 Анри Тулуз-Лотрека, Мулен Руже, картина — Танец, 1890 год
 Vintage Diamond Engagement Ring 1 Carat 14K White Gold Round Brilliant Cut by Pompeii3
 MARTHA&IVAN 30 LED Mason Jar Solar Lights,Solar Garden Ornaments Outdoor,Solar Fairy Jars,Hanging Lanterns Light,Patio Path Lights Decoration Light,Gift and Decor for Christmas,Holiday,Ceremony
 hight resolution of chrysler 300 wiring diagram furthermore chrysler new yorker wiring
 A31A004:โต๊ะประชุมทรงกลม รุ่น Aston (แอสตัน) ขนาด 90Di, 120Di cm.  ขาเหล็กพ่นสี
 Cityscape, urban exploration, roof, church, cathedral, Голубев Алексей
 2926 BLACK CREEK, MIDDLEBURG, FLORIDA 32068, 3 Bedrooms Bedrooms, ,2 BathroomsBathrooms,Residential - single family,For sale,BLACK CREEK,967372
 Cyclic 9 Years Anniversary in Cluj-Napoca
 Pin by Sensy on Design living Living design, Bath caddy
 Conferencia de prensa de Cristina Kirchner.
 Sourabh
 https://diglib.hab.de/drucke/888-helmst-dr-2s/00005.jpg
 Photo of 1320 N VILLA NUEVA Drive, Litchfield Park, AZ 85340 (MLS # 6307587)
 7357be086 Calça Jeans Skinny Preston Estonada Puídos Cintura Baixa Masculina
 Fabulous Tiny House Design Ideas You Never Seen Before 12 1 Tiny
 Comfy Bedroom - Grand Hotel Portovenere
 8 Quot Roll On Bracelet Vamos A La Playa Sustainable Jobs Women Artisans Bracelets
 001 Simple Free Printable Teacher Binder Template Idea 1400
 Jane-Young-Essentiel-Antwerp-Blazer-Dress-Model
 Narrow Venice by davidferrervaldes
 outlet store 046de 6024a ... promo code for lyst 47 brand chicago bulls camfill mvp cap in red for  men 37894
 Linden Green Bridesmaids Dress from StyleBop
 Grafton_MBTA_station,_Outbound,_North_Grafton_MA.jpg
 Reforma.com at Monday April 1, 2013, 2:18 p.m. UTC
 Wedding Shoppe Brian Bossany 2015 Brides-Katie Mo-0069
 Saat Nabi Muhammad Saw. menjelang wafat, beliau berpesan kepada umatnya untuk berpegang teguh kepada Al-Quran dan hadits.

Problem details: Every line in the material above that has the word "Dress" should be copied.

Written reply:
 Jane-Young-Essentiel-Antwerp-Blazer-Dress-Model
 Linden Green Bridesmaids Dress from StyleBop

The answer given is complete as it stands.